Two people going over a coronavirus airflow particle test.
Particle Test
David Silcott, left, chief executive of S3i, a biological research company, goes over an airflow particle test for Navy Vice Adm. Dee Mewbourne, right, deputy commander, U.S. Transportation Command, on board a United Airlines 767 aircraft at Dulles International Airport, Va., Aug. 28, 2020. The test data will help Transcom and the Defense Department identify how far the coronavirus can spread in an aircraft and how long it remains in the air to determine future processes for loading and quarantining passengers.
Photo By: Stephenie Wade
VIRIN: 200828-F-IW762-081

There were many scenarios considered for the test. Three configurations were tested, two ground and one in-flight: in-flight in the cabin and cockpit; at the terminal with the jet bridge connected to the aircraft and the cabin door open; and at the terminal with doors closed using an auxiliary power unit to power aircraft cabin air recirculation using ground air supply.

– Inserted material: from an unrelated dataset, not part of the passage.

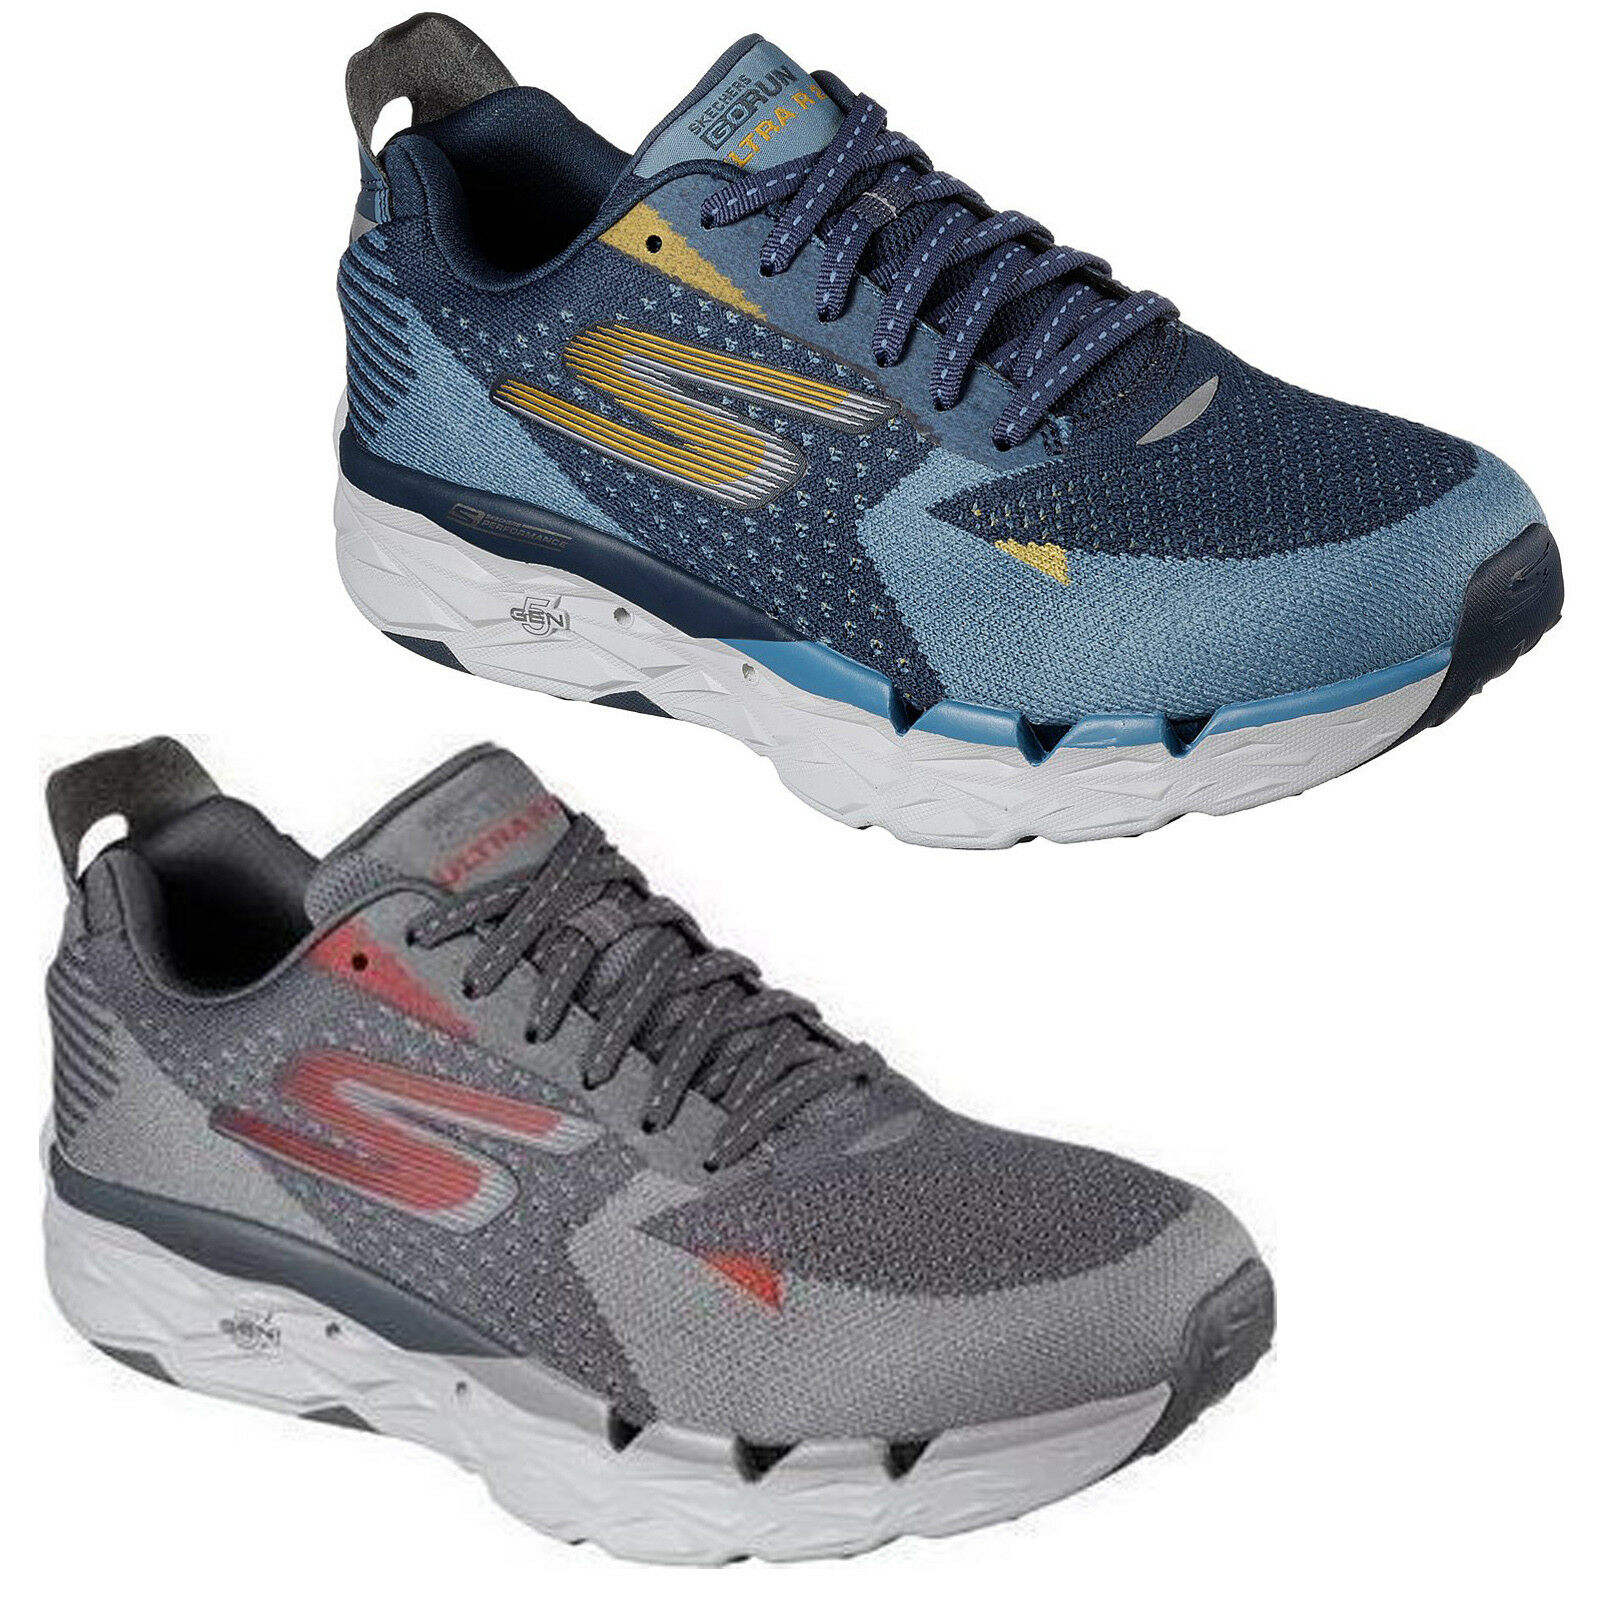 32a48cd2d9439 Skechers GoRun Ultra Road 2 Trainers Mens Memory Foam Light Sports Shoes  55050
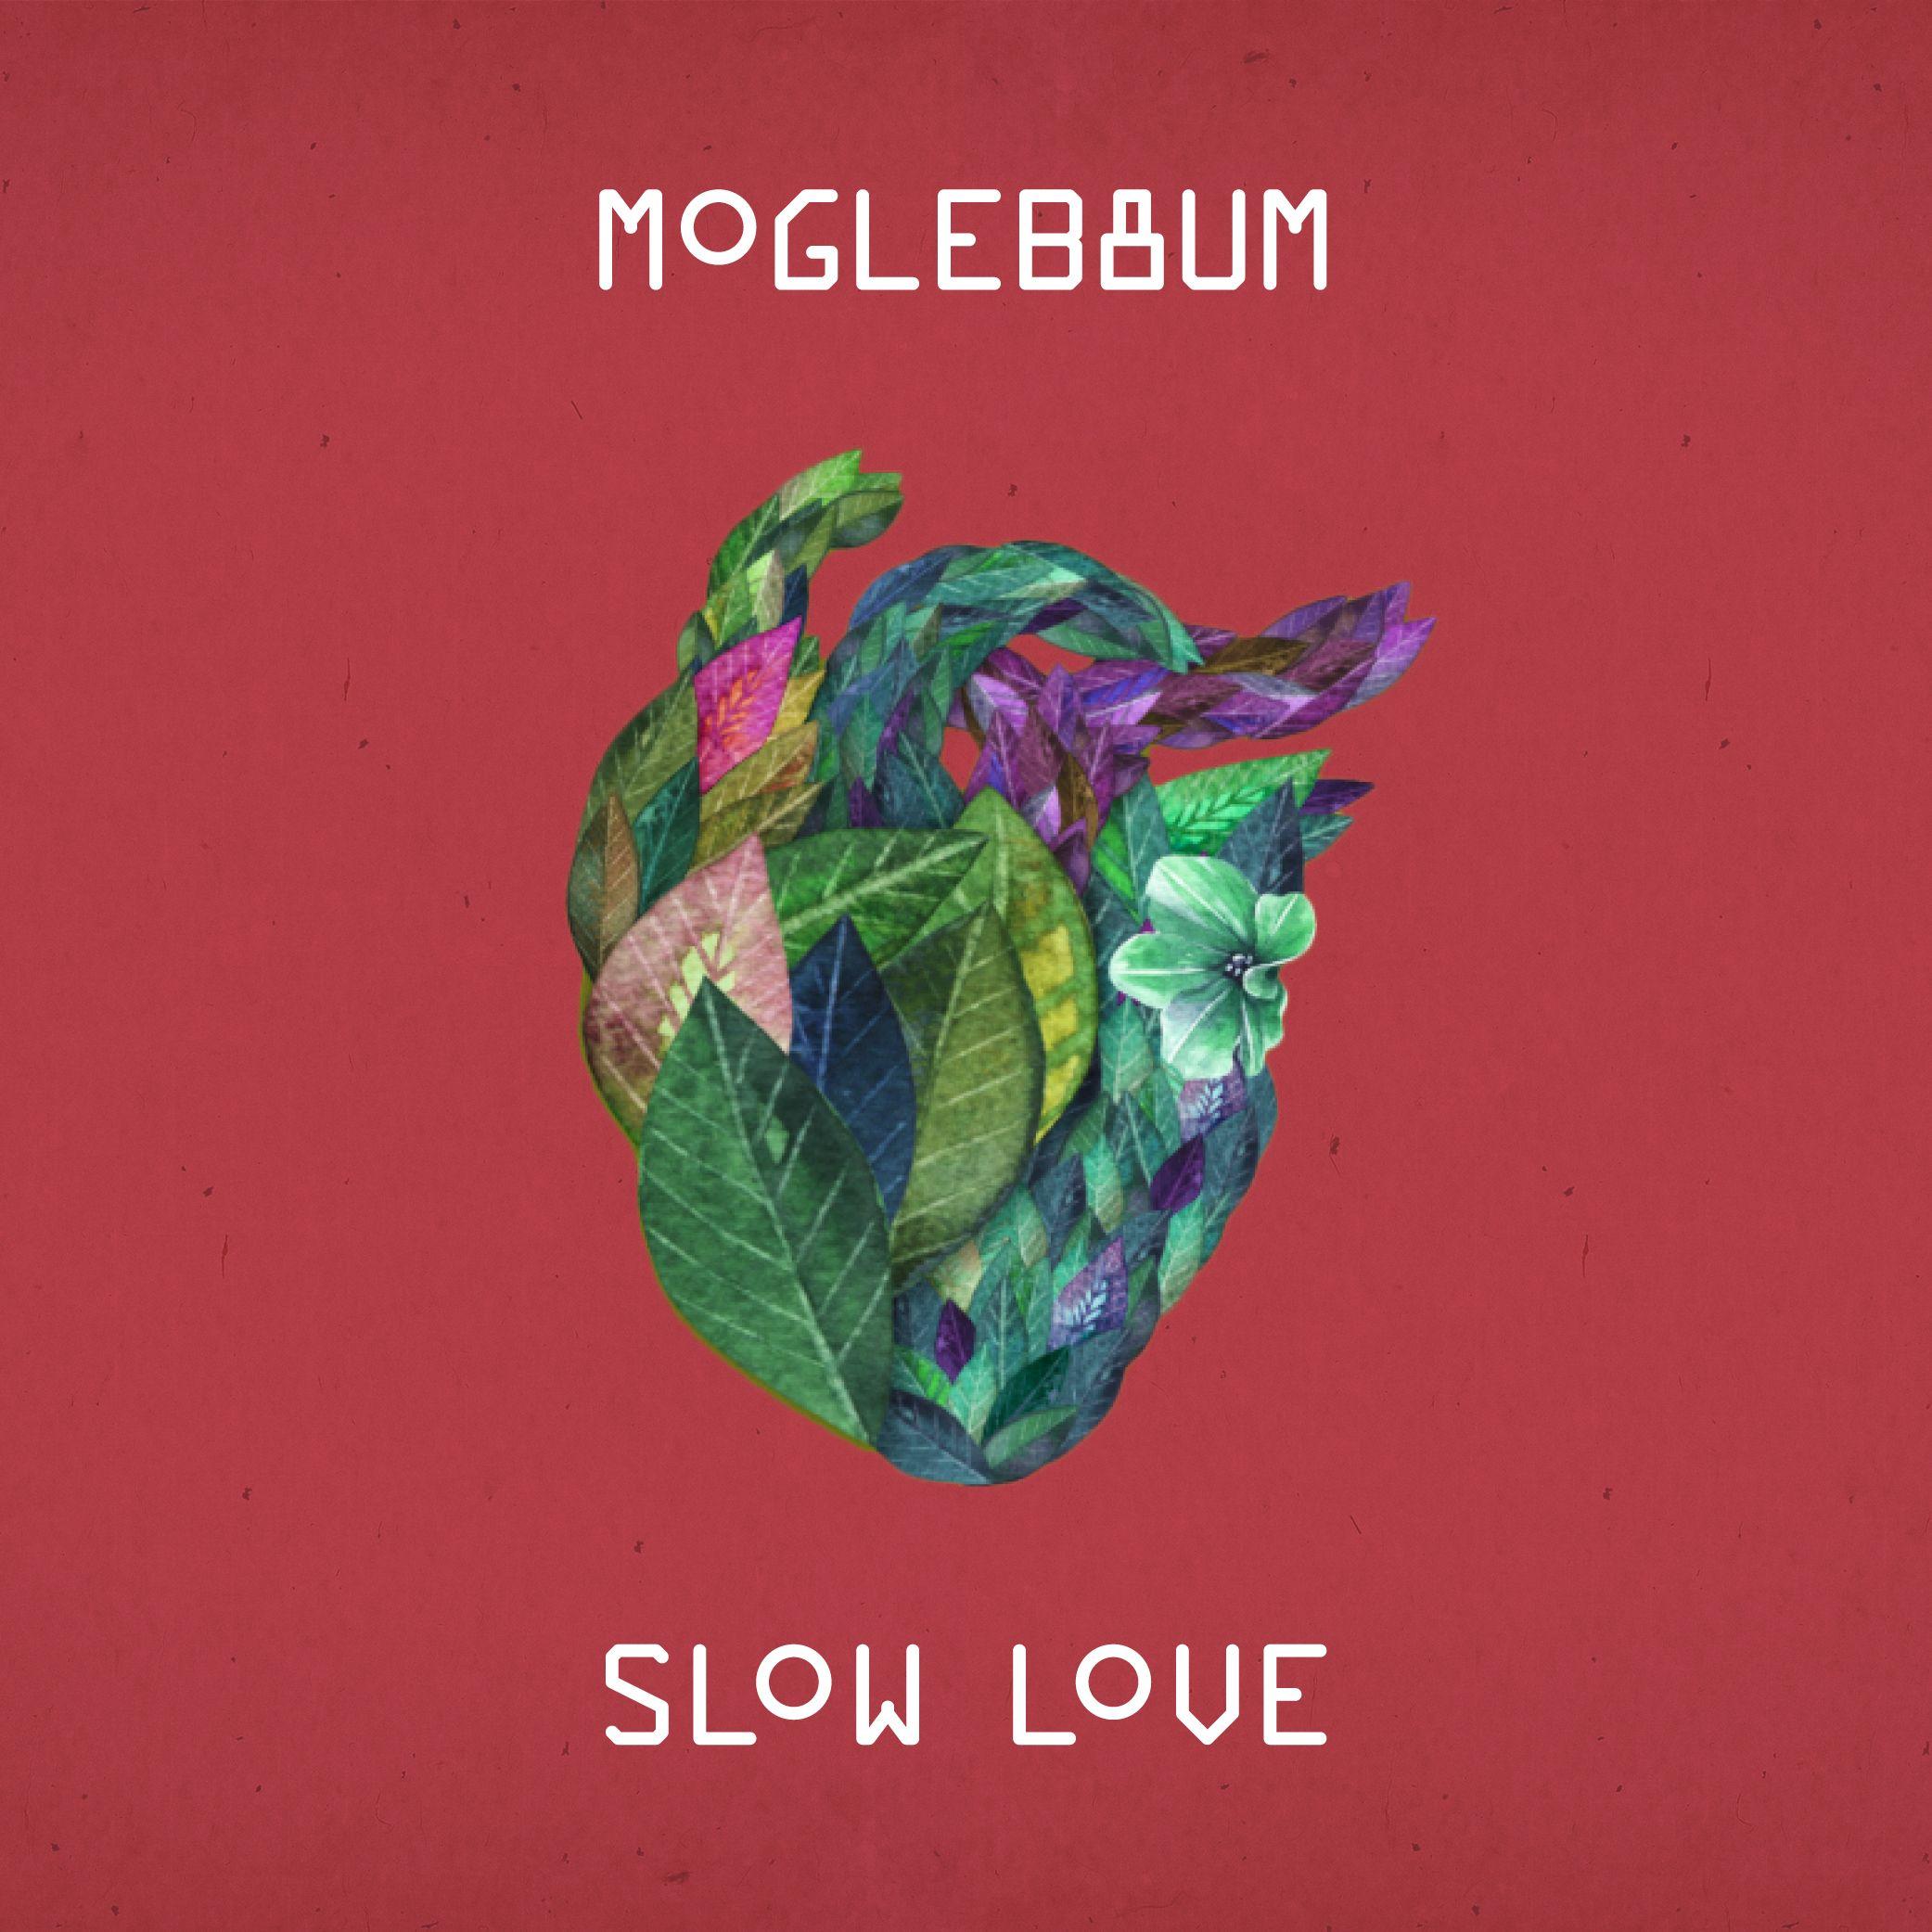 slow_love_cover.jpg

“This data collected will eventually inform the Department of Defense on contact tracing requirements needed for specific aircraft,” Pope said. “It will also be used to develop strategies like cabin loading and seating configurations to mitigate potential risk of inter-person transmission of the aerosol particles.”

One of the initial responses to the coronavirus by the DOD was to stop or limit travel including air. In May, the travel ban was lifted for military members and certain categories of space-available (Space-A) travelers, but this came with new restrictions to prevent the spread of COVID-19 while traveling.

Military members and families are still required to participate in a restriction of movement prior to departure, to wear a mask the entire flight and quarantine for 14 days upon arrival depending on their final destination. Airlines are also sanitizing surfaces routinely. However, even with these prevention methods, a small number of travelers arrive at their destination testing positive for the virus, but there has been no clear evidence to date the virus was contracted while aboard the flight.

“Once the data is put into a computational fluid dynamic computer model, we hope it will assist in determining if specific passengers on an aircraft should isolate when an asymptomatic COVID-19 positive individual has traveled,” Pope said. “It could be the difference between the whole aircraft isolating compared to one person.”

The aerosol test will conclude and results are due to the command in September. Data will then be reported to the DOD COVID Task Force and mission partners. This test was conducted in partnership with Boeing and United Airlines, as well as DARPA, Zeteo Tech and the University of Nebraska.

(Stephenie Wade is assigned to U.S. Transportation Command).